Нам снова близок тот надлом
6 ноября, 2018
АВТОР: Александр Горбатов
Сегодня в обществе заметен неформальный интерес к переломным событиям отечественной истории столетней давности. Мы пытаемся, глядя в зеркало минувшего, как бы увидеть в нем отражение наших нынешних непростых проблем. А лучше всего сможет помочь это сделать умный, тонкий и непредвзятый писатель — современник тех роковых событий. К числу таких немногих смело можно отнести Константина Паустовского (1892—1968 гг.).
Книги его воспоминаний «Повесть о жизни» охватывают события с самого конца XIX века по 30-е годы века XX. И конечно, особый интерес представляют те страницы, что относятся к первым революционным 1917—1918 годам. Тем более интересен взгляд непартийного журналиста, каким был К. Паустовский, сотрудник небольшевистских московских газет в те переломные времена.
Написаны главы книги «Начало неведомого века» в 1956 году, во время так называемой оттепели, когда спал диктат жесткой идеологической цензуры. Писатель смог посмотреть на события революционных лет, не кривя душой, честно оценивая и их, и свои ощущения, взгляды в то время. Тем эта книга интересна и сегодня, но, к сожалению, многим современным читателям уже не известна, так как то было неспешное повествование от первого лица, а не громкая политическая бомба с убийственными подробностями и разоблачениями.
Так давайте же обратимся к самому тексту воспоминаний замечательного русского писателя.
Какая же картина предстала перед рядовым гражданином от февраля до октября 1917 года:
— За несколько месяцев Россия выговорила все, о чем молчала целые столетия. С февраля до осени семнадцатого года по всей стране днем и ночью шел сплошной беспорядочный митинг.
Особенно вдохновенно и яростно митинговала Москва.
Постепенно митинги в разных местах Москвы приобрели свой особый характер. У памятника Скобелеву выступали преимущественно представители разных партий — от кадетов и народных социалистов до большевиков. Здесь речи были яростные, но серьезные. Трепать языком у Скобелева не полагалось. При первой же такой попытке оратору дружно кричали: «На Таганку! К черту!»
На Таганской площади действительно можно было говорить о чем попало, — хотя бы о том, что Керенский — выкрест родом из местечка Шполы или что в Донском монастыре нашли у монахов тысячу золотых десятирублевок, засунутых в сердцевину моченых яблок.
А что же скрывалось за этим внешне яростным буйством страстей?
— Внезапно появилось множество крикунов.
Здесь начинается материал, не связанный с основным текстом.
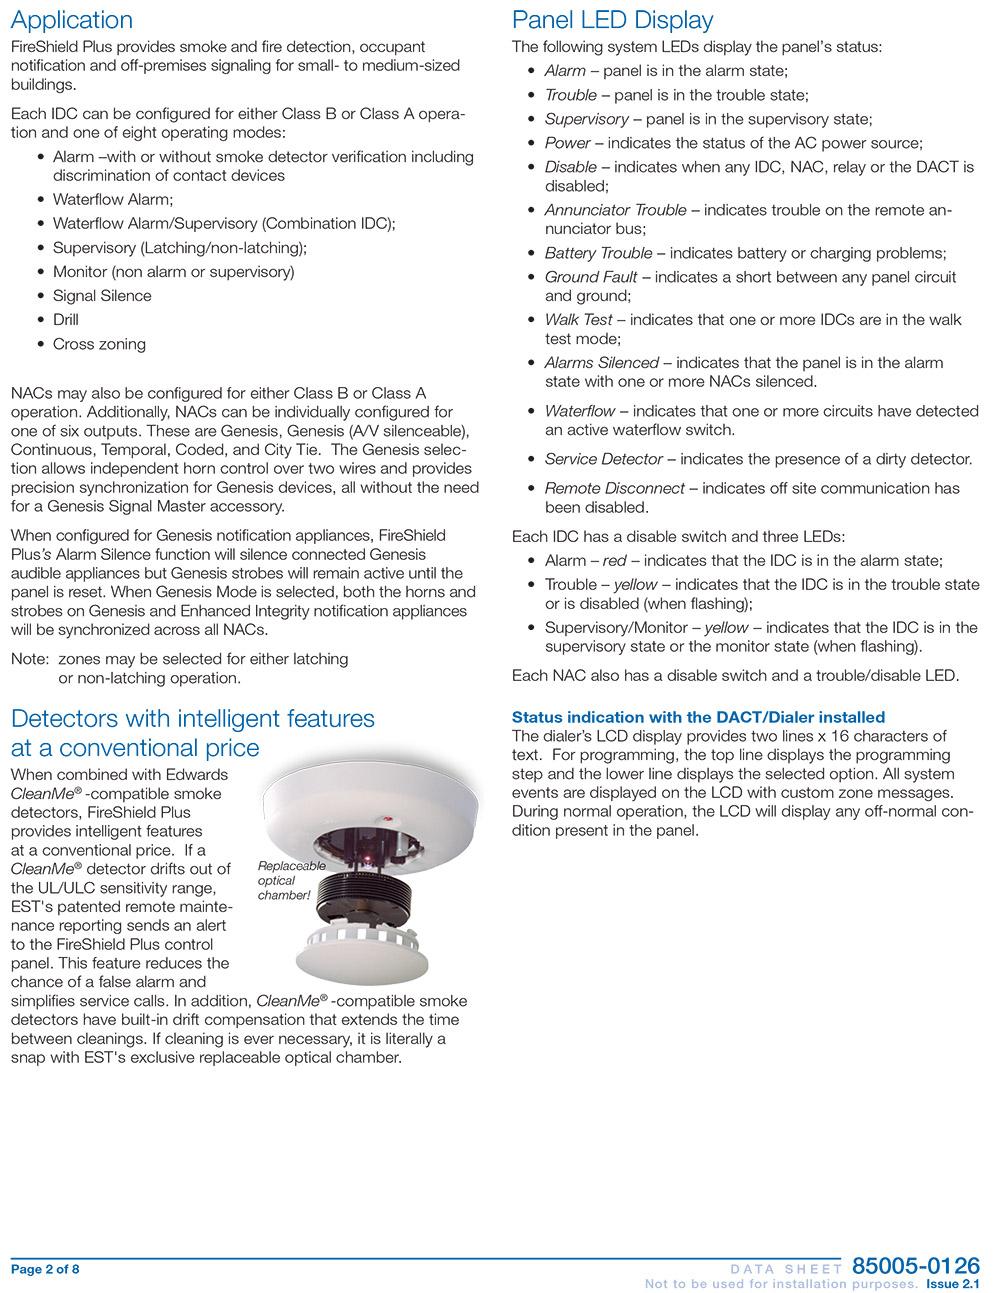 แผงควบคุมอัคคีภัย รุ่น 85005-0126

Они росли как грибы. Важнее всего считалось перекричать противника. Дешевая демагогия расцветала на унавоженных рынках. Крикунов даже привозили из-за границы.
Сейчас, спустя много лет, возвращаясь памятью к первым месяцам революции, начинаешь отчетливо понимать, что то время было наполнено сознанием непрочности происходившего и ожиданием неумолимых перемен. Старый строй был разрушен. Но в глубине души почти никто не думал, что новый февральский строй — это завершение революции. Он был, конечно, только перевальным этапом в истории России.
А что же «совесть нации» — великая русская интеллигенция?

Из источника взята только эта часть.